Research
Highlights...
 
 

SLAC's Kelsey works software side of street.

See below

 

 Number 17 November 16, 1998 

A breath of fresh air

Scientists at DOE’s Idaho National Engineering and Environmental Laboratory have developed a technology to help people breathe a little easier. The Indoor Air Quality Monitoring and Control system has the potential to save money and energy and keep indoor air safe to breathe. The system is composed of a set of off-the-shelf sensors and incorporates a series of computer programs which detect airborne chemicals and compares them to a stored library of readings. It can be customized to fit the needs of a particular building with applications ranging from alleviating “sick building syndrome” to detecting decaying produce in potato cellars. 
 

[Martin Hamilton, 208/526-3955, mhamilto@inel.gov]

Evolution: A sprinkle a day . . .

Perhaps all that separates modern humans from Neandertals is a single genetic alteration and a daily dose of iodine, a paper by Jerome Dobson, of DOE’s Oak Ridge National Laboratory, concludes. An improvement in the thyroid’s ability to extract and use iodine may explain most differences in body shape and bone structure. In humans, the lack of iodine is known to cause cretinism, the most severe form of iodine deficiency disorder. Modern societies add iodine to table salt, and coastal residents get plenty of iodine from saltwater fish, shellfish and seaweed. Dobson theorizes that Neandertals living in inland Ice Age Europe might have lacked an adequate supply of iodine. 
 

[Ron Walli, 423/576-0226, wallira@ornl.gov]

Geothermal Heats Up

A promising technology developed by DOE’s National Renewable Energy Laboratory to increase the efficiency and production capacity of geothermal power plants was demonstrated at the Geysers, the world’s largest geothermal power plant in northern California. After the advanced direct-contact condenser technology was installed at one of the plant’s operating units, its power production efficiency increased by 5 percent and potential power capacity increased by 17 percent. NREL recently entered into an agreement to license the technology with Ecolaire of Easton, Pa. Ecolaire supplies 70 percent of U.S.-manufactured geothermal condensers to worldwide markets. 
 

[Patrick Summers, 303/275-4050, patrick_summers@nrel.gov]

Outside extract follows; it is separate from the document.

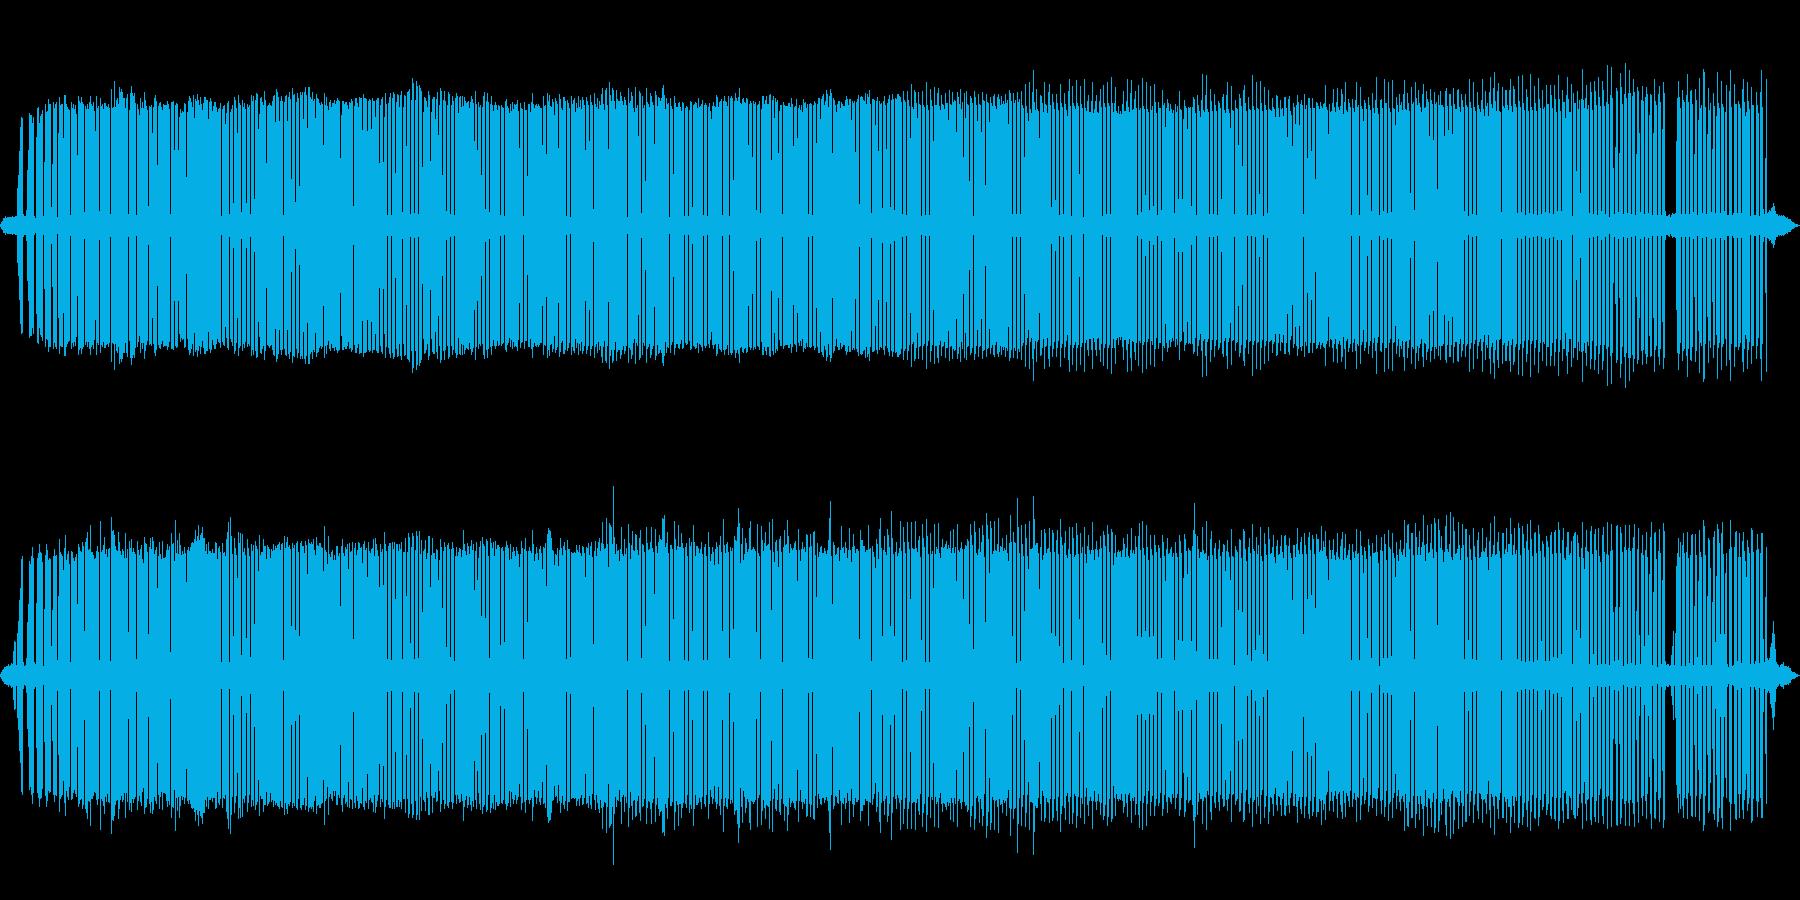 コオロギ【初秋、夜遅く、道端】の再生済みの波形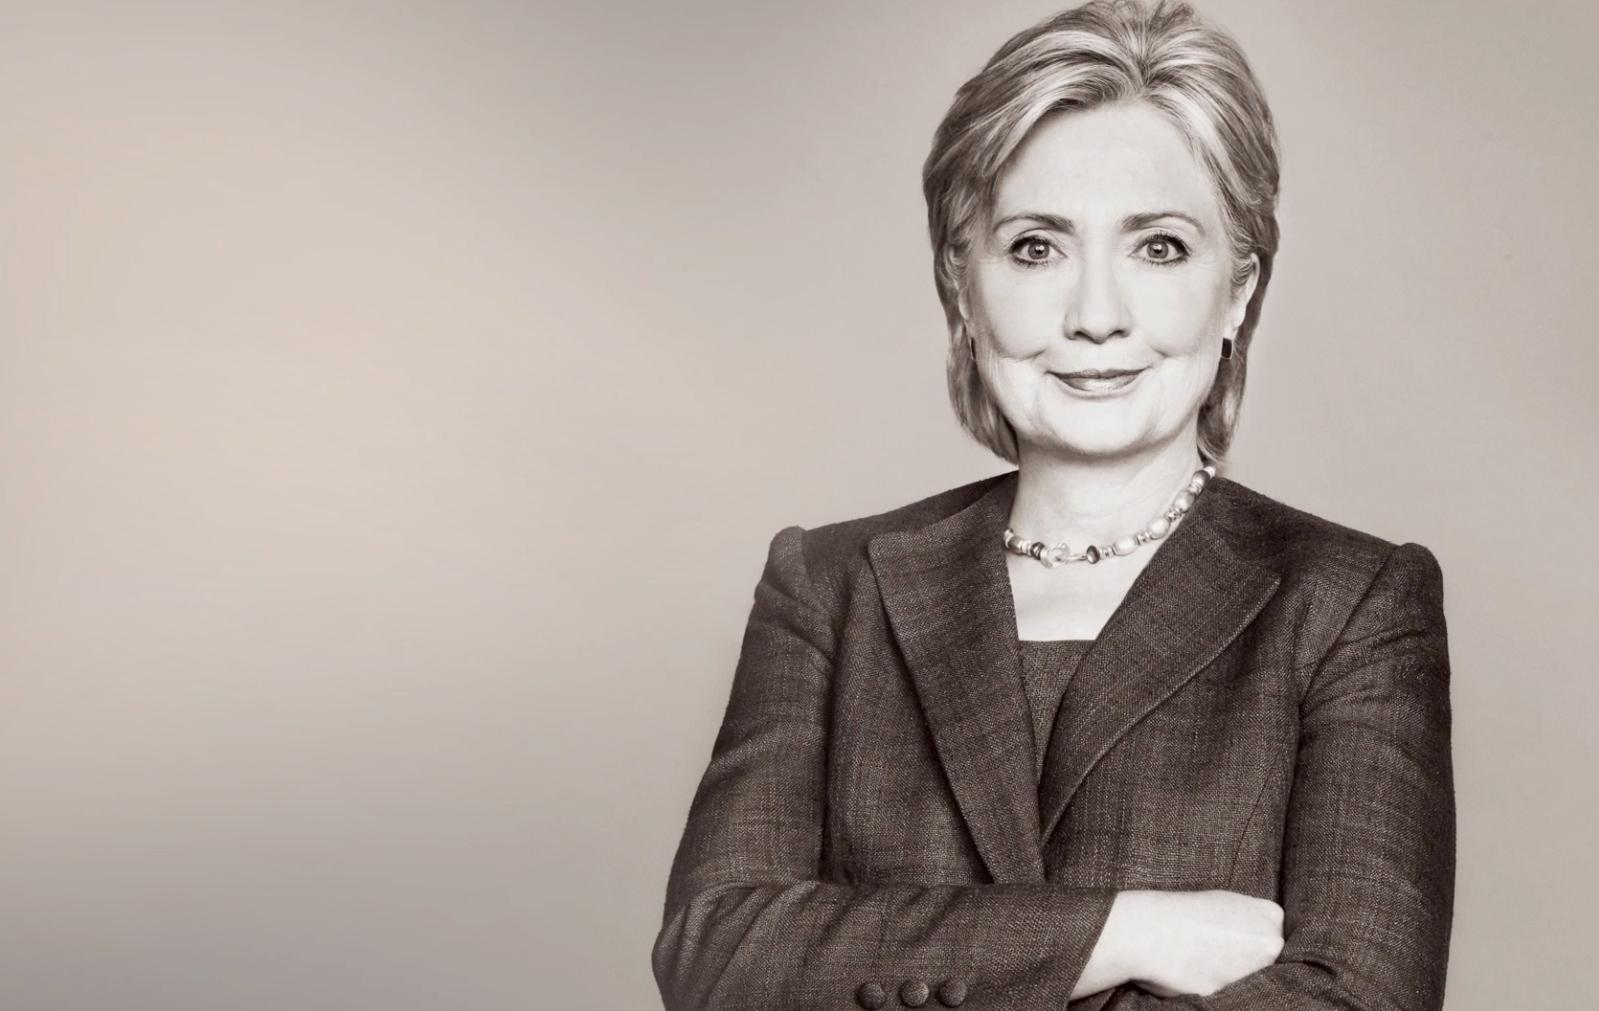 Hillary-clinton-8b5ba9f07cc0fdc9153e423d8064882c-

Saving energy and money by design

A groundbreaking ceremony at Zion National Park in Utah signaled the start of a new era in energy efficiency for the National Park Service. The park’s new visitor transportation center, a low-energy passive solar building that will use 70 percent less energy and save taxpayers almost $2 million, is scheduled to open in 2000. DOE’s Exemplary Buildings Program and building engineers at the National Renewable Energy Laboratory helped design the structure, which will showcase cost effective, climate sensitive building technology. The new facility will feature natural daylighting and ventilation, evaporative cooling and a thermal storage wall for radiant heat in colder months. 
 

[Patrick Summers, 303/275-4050, patrick_summers@nrel.gov]

Semiconductor nanocrystals as fluorescent probes

Some of the more shadowy secrets of biology may soon be illuminated through the use of a new type of fluorescent probe developed by scientists at DOE’s Lawrence Berkeley National Laboratory. A joint Berkeley Lab-UC Berkeley research team, headed by materials scientists Paul Alivisatos and Shimon Weiss, has developed nanometer-sized crystals of semiconductors that can be used as fluorescent probes for the study of biological materials. These semiconductor nanocrystals offer a distinct advantage over conventional dye-molecules in that they emit multiple colors of light, which means they can be used to label and measure several biological markers simultaneously over a period of time. 
 

[Lynn Yarris, 510/486-5375, lcyarris@lbl.gov]

Software package surfs documents to find ‘topic islands’

DOE’s Pacific Northwest National Laboratory is developing a software program that will separate information from lengthy documents into summaries. The technology, called Topic Islands , will recognize themes and the evolution of topics within a document and segregate information into easily understandable portions. Topic Islands categorizes documents into themes using algorithms and can process many pages simultaneously. The technology will be applicable to businesses wanting to better manage document storage, legal aides searching for case law, and intelligence agencies needing better information analysis. Development is funded by U.S. intelligence agencies and the Defense Advanced Research Projects Agency
 

[Staci West, 509/372-6313, staci.west@pnl.gov]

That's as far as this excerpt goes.